### Directions for this task
Within the lines below, the span from the line with "Best Cat Food" to the line with "KAISER AGRICULTURAL CHEMICALS", both ends included, is to be reproduced exactly, with pictures omitted.

===== Information given =====

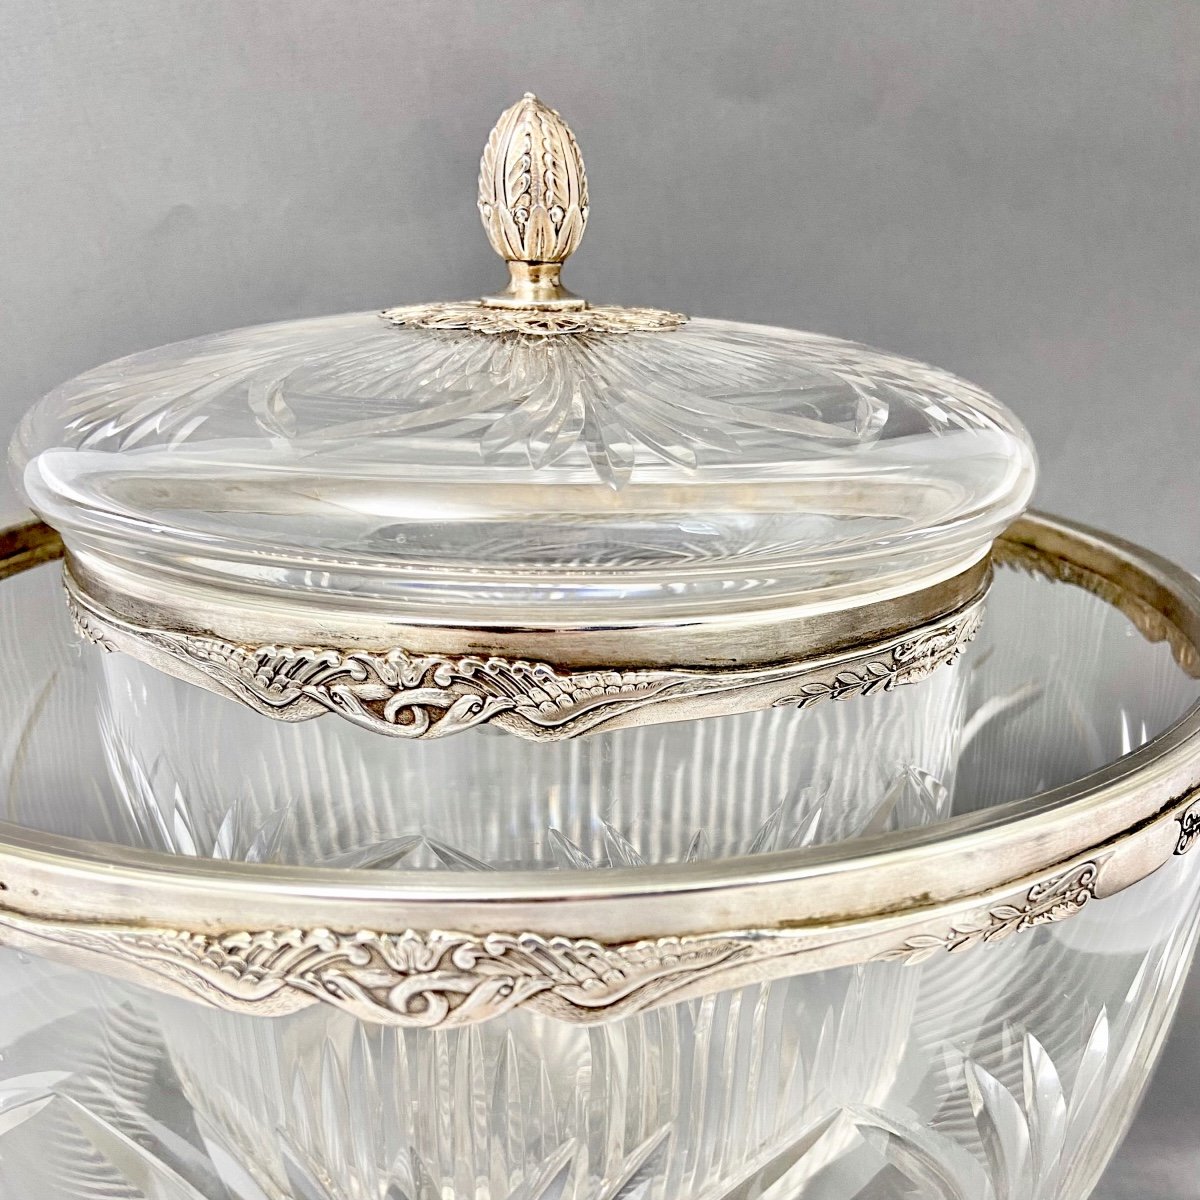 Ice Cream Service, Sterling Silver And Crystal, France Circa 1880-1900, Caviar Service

=====
===== Information given =====

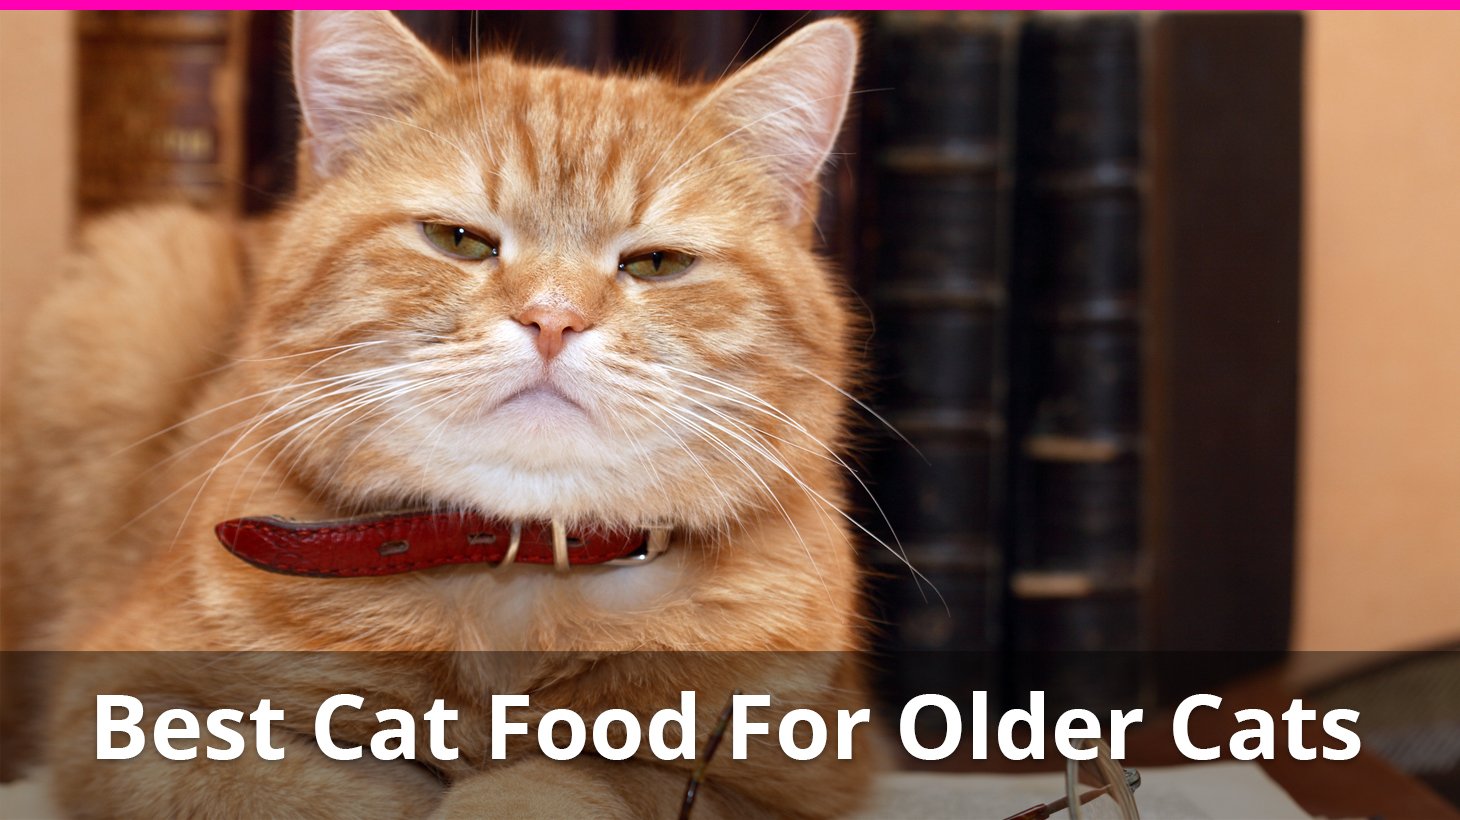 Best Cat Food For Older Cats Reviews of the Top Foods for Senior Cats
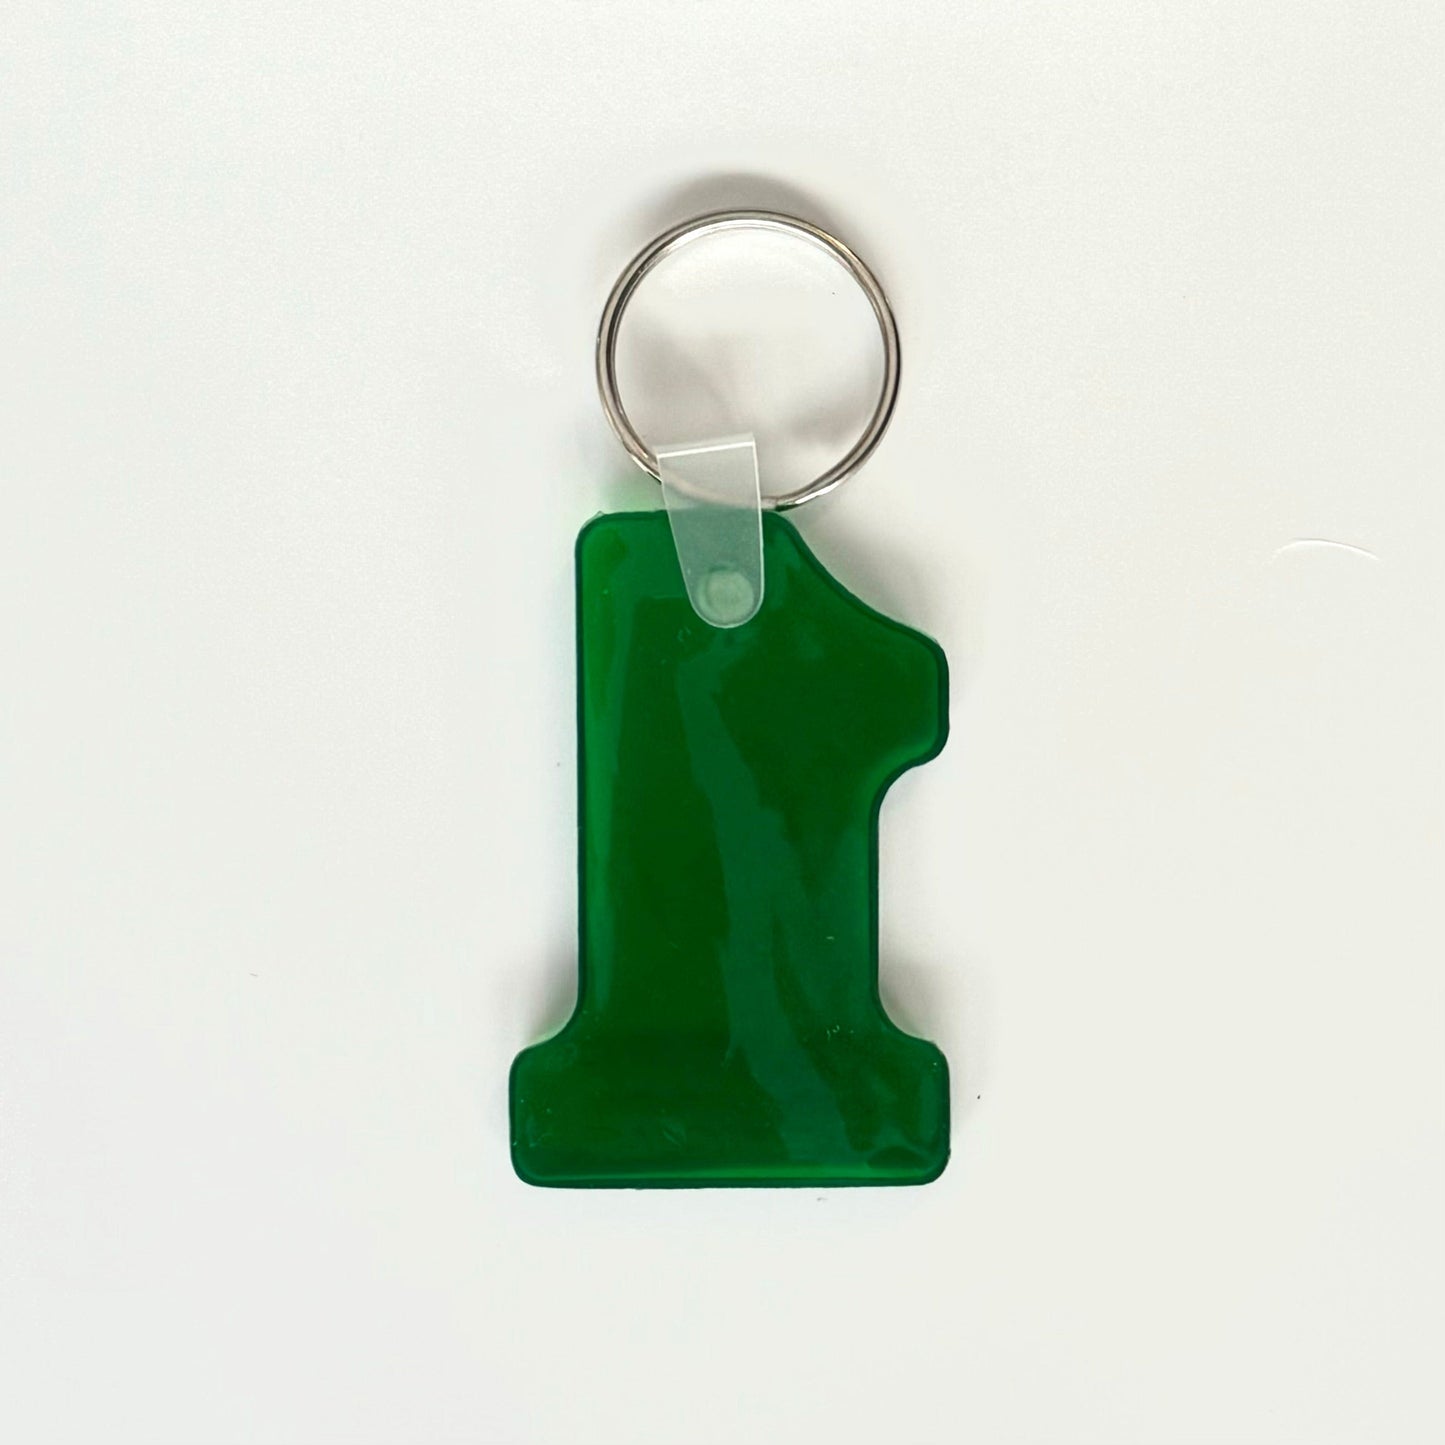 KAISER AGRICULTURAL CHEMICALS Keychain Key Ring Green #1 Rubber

=====

### Output of the exercise
 Best Cat Food For Older Cats Reviews of the Top Foods for Senior Cats
 KAISER AGRICULTURAL CHEMICALS Keychain Key Ring Green #1 Rubber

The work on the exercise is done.